Wednesday, April 18, 2012

Katrina vanden Heuvel on Corrupt, Unhelpful "Center" and Its Flight from Reality



As a complement to the two postings I've just made: there's been valuable discussion recently of the shortcomings of beltway centrism and the predictable cry of centrists as each election cycle rolls around that we just need to get along, be more bipartisan and cooperative--and move right as the political pendulum moves ever more decisively to the right.  


At Salon, Alex Pareene tackled these issues a day or so ago, noting that the New York Times's war-mongering centrist commentator Bill Keller has (predictably) weighed in on the recent kerfuffle that ensued when Paul Krugman exposed David Brooks's "centrism" for the hot mess of right-wing propaganda it really is.  Keller's, of course, all for Brooks's proposal to move the conversation to the right to the center.

And at Common Dreams today, Katrina vanden Heuvel offers first-rate analysis of the deep corruption at the heart of the beltway centrist enterprise.  As she notes, the essential thing that the centrist proposals for us to get along keep overlooking is reality itself: the reality that the pendulum has swung so far to the right in the Republican party as it's now configured that there's not the least intent of compromise on the part of the GOP.  And so, to all intents and purposes, the centrist proposal that we engage in bipartisan compromise effectively means that those to the left of the center should keep conceding ground to the right, even as the right moves further and further to the right.

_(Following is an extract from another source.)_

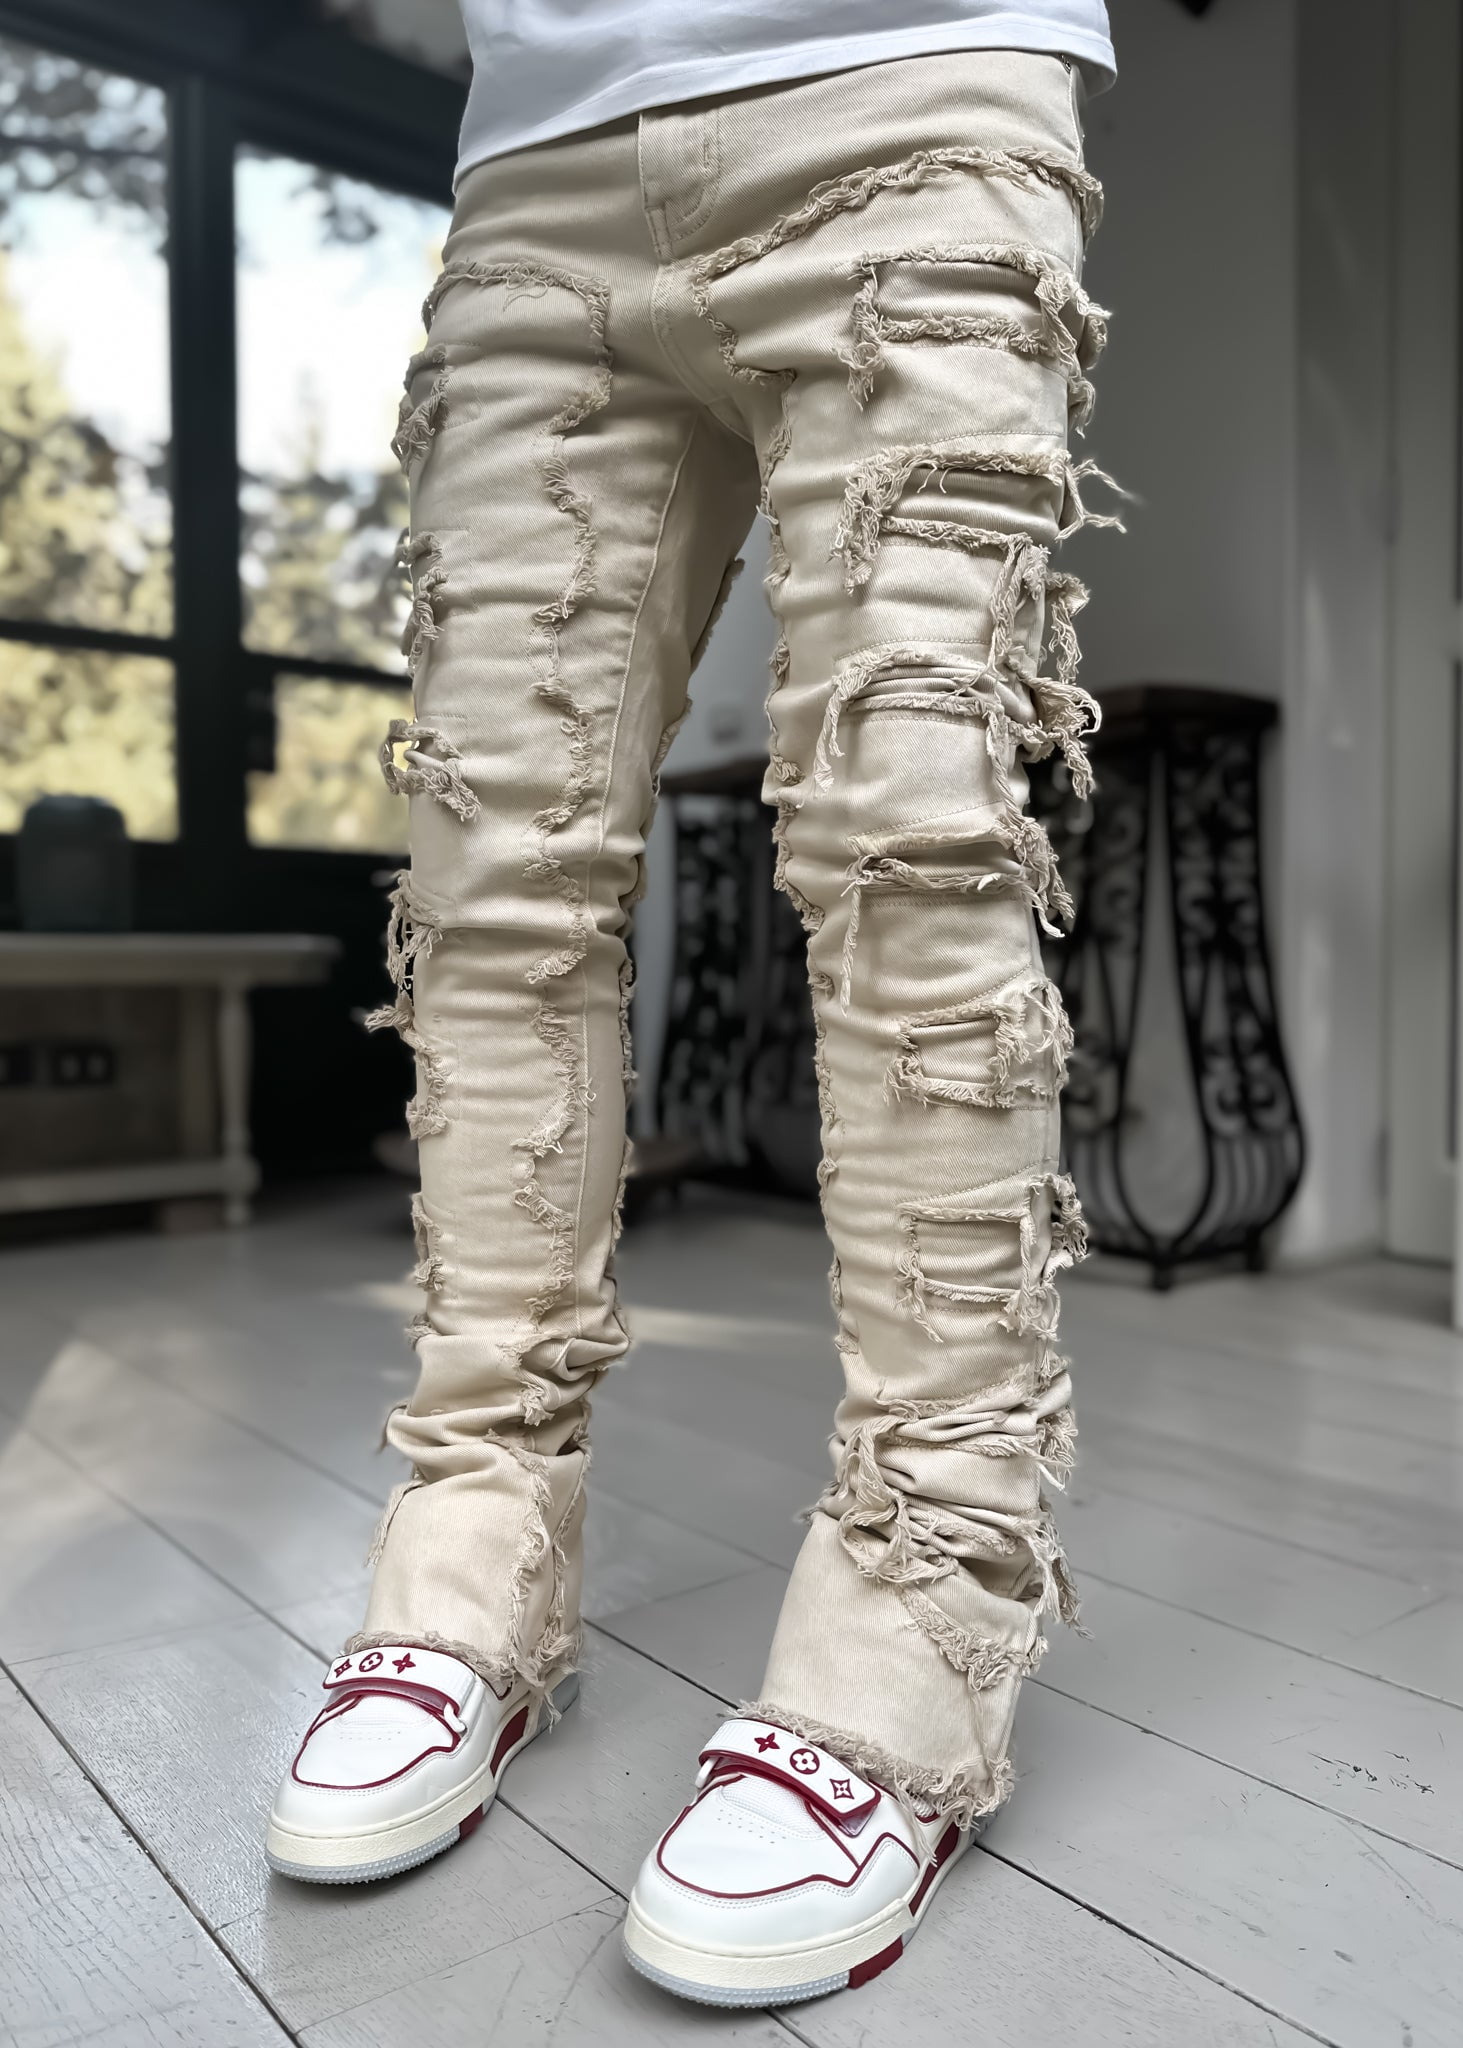 Men Regular Stacked Jeans Patch Distressed Destroyed Straight Denim Pants  Streetwear 
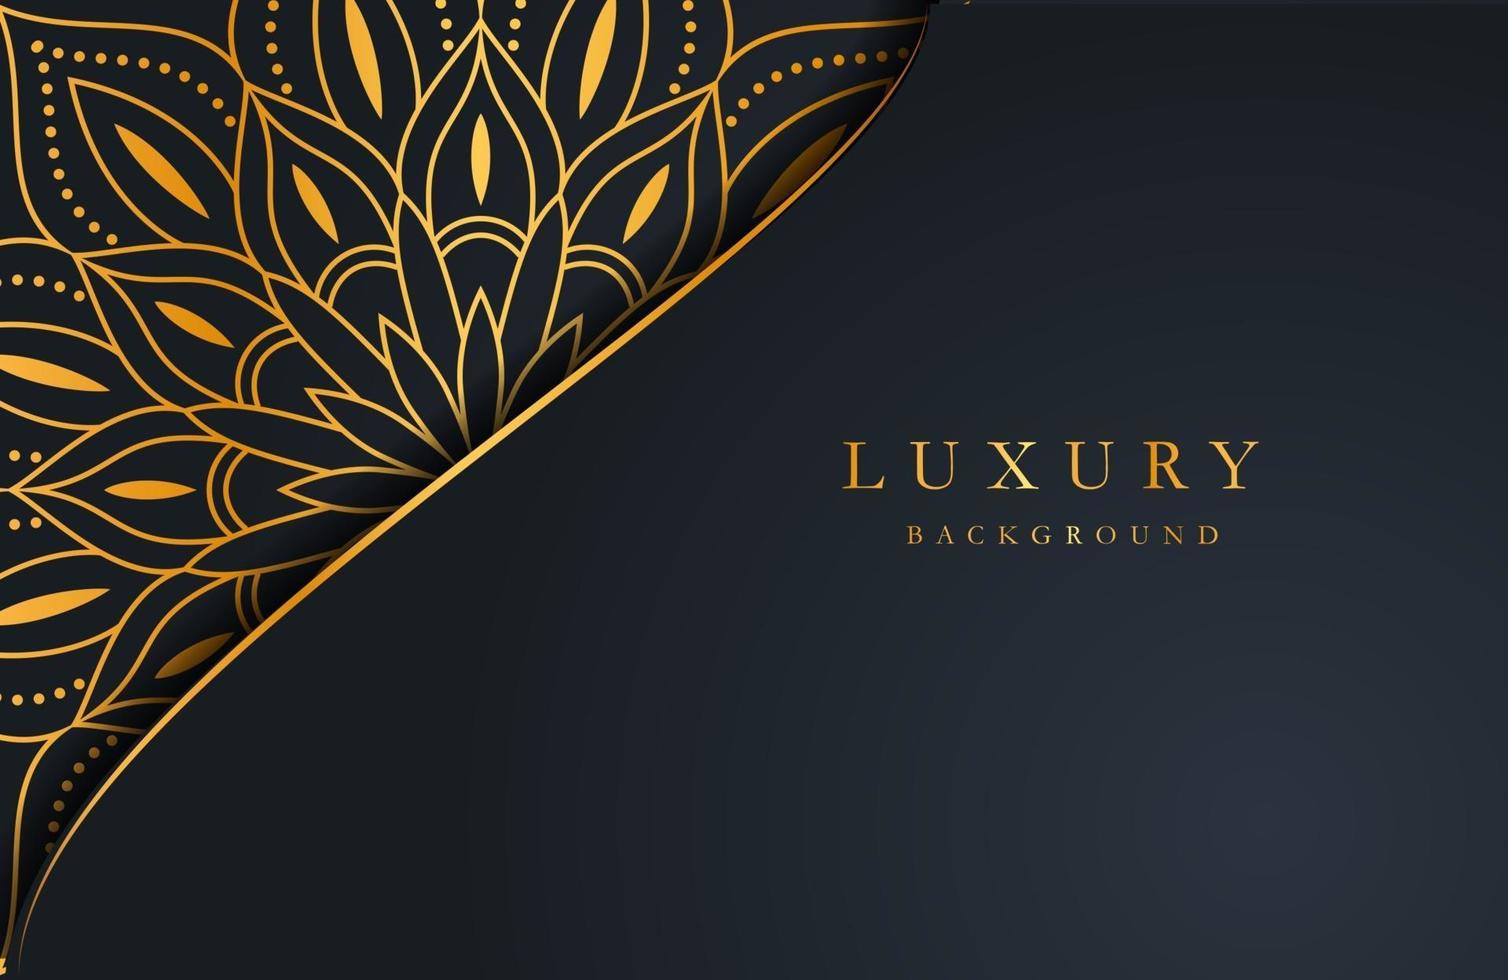 Luxury gold mandala ornate background for wedding invitation, book cover. Arabesque islamic background vector

This discussion has pertinence, I think, for what I've just posted about the pro-USCCB cheerleading of beltway centrist Catholic commentators.  Under the guise of applauding the bishops' concern for the poor, what the beltway centrist Catholic commentariat has long done--what it keeps doing--is working to assure that the official Catholic public conversation is heavily weighted to the right.  And that the Democratic party, to the extent that it expects to have Catholic support, has to dance to the tune played by the Catholic bishops.

As I've suggested, and as I think vanden Heuvel's analysis of corrupt, unhelpful beltway centrism underscores, this centrist Catholic pro-USCCB cheerleading has little to do with the reality of the American Catholic church right now--a church in which the bishops' penchant for the Republican party is readily apparent and undisguised; a church in which the bishops are attacking the human rights of marginalized communities under the guise of protecting human rights; a church in which the bishops are spending millions to engage in these political crusades while abandoning the poor; a church in which the bishops have decidedly not protected the least among us in their handling of the abuse of children, etc.

When we abandon reality for ideological stuff and nonsense, we seldom end up serving moral ends.  Since, as Jesus constantly reminds his followers throughout the gospels, living lives of faithful devotion to God's word requires us to immerse ourselves in the nitty-gritty real world, in the world of the hungry, the naked, the homeless, the sick, the stranger, those shoved to the margins.  In the world in which love becomes incarnate precisely by acting in solidarity with those on the margins.

And as Jesus also constantly reminds his followers in the gospels, living lives of practical compassion in the real world  requires us to speak the truth in love and let our yea be yea and our nay be nay.  Not to lie on behalf of the powers that be, so that we can preserve our comfortable jobs as interpreters of religious meaning while we remain comfortably ensconced in the very power centers that make the decisions that result in misery for the least among us.